2.3 Blow Molding Tools
- Examples: Tools for blow molding plastic containers like milk jugs or detergent bottles.
- Why it works: Ductility prevents cracking during the blow molding process, and dimensional stability keeps container shapes consistent. A U.S. packaging company reported that EN 1.2311 blow molds reduced part defects by 35%.
2.4 Automotive Molds
- Examples: Molds for automotive exterior parts (e.g., bumper covers) or interior parts (e.g., door panels).
- Why it works: Meets automotive industry standards for durability and finish. A Japanese automotive supplier used EN 1.2311 for bumper molds—cycle time dropped by 15% (thanks to easy machining) and mold maintenance fell by 25%.
2.5 Consumer Product Molds
- Examples: Molds for cosmetic containers, toys, or kitchenware (where smooth finishes are critical).
- Why it works: Mirror polishability delivers the high-gloss finishes consumers want. A French cosmetic brand used EN 1.2311 for lipstick tube molds—customer complaints about surface flaws dropped to near zero.
3. Manufacturing Techniques for EN 1.2311 Mold Steel
Turning EN 1.2311 into high-quality molds requires a structured process. Here’s a step-by-step breakdown:
- Melting: Raw materials (iron, carbon, chromium, nickel, etc.) are melted in an electric arc furnace (EAF) at 1500–1600 °C. This ensures uniform mixing of elements (critical for polishability).

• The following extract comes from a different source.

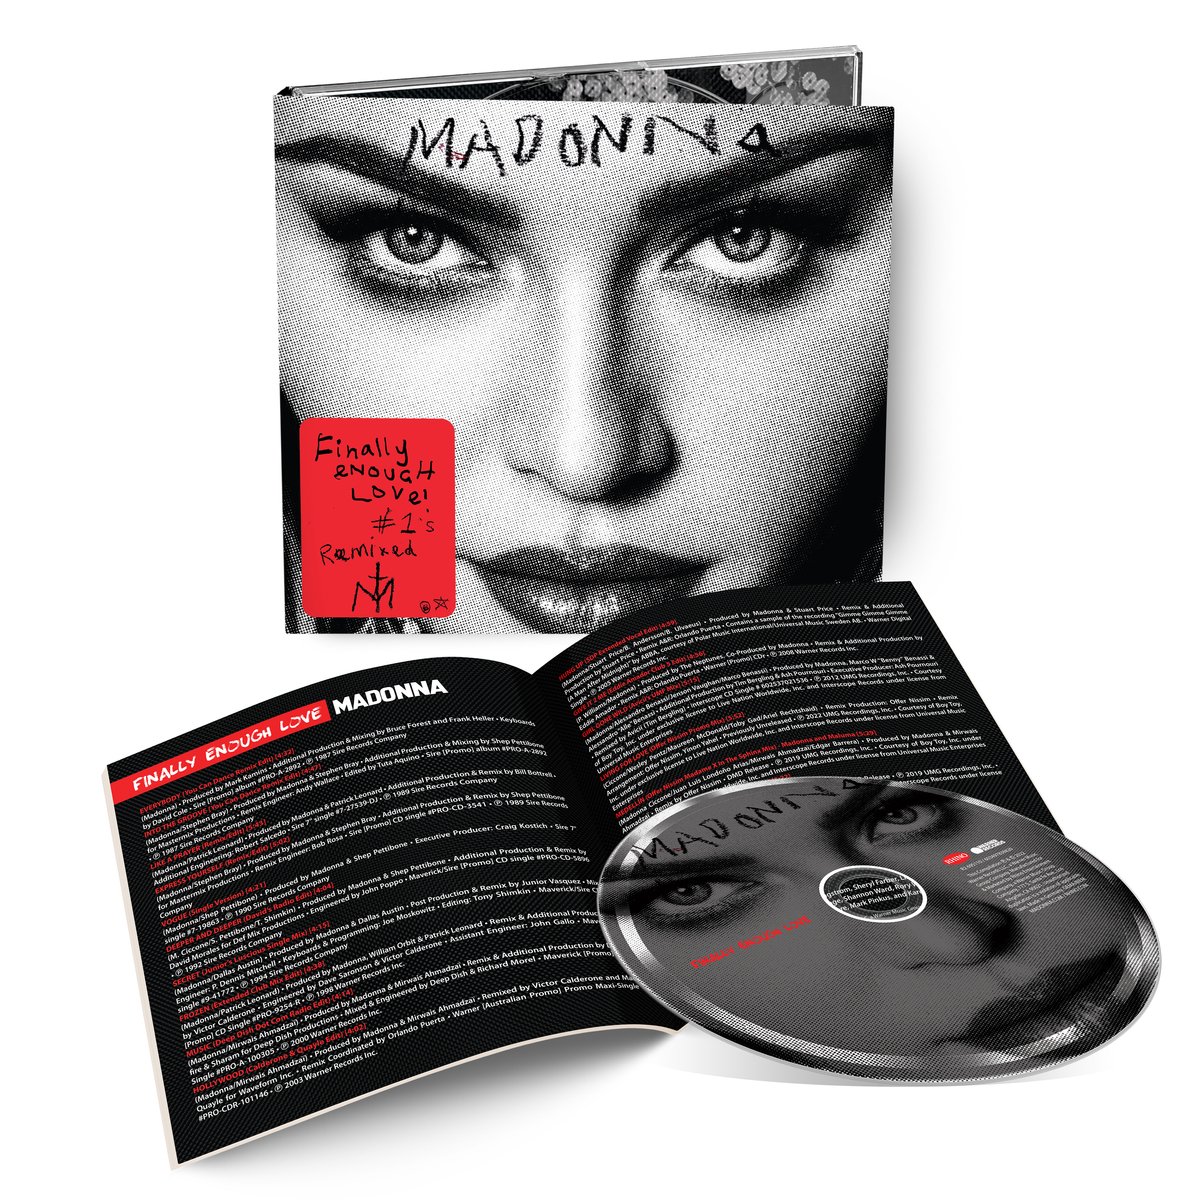 Finally Enough Love (CD) - Madonna

- Casting: Molten steel is poured into ingot molds or continuous casters to form slabs or billets. Slow cooling prevents internal defects.
- Forging: Slabs are heated to 1100–1200 °C and pressed/hammered into mold blanks (e.g., 500x500x200 mm for large injection molds). Forging refines grain structure, improving toughness.
- Heat Treatment: The standard cycle for pre-hardened EN 1.2311:
- Annealing: Heat to 820–860 °C, hold 2–4 hours, cool slowly. Softens steel to HRC 20–22 for initial machining.
- Quenching: Heat to 860–900 °C, hold 1–2 hours, quench in oil. Hardens steel to HRC 45–50.
- Tempering: Reheat to 550–600 °C, hold 2–3 hours, cool. Reduces brittleness and sets pre-hardened hardness (HRC 28–32).
- Machining: Mold blanks are milled, drilled, or turned into mold cavities. EN 1.2311’s machinability means carbide or high-speed steel tools work well—no need for specialized equipment.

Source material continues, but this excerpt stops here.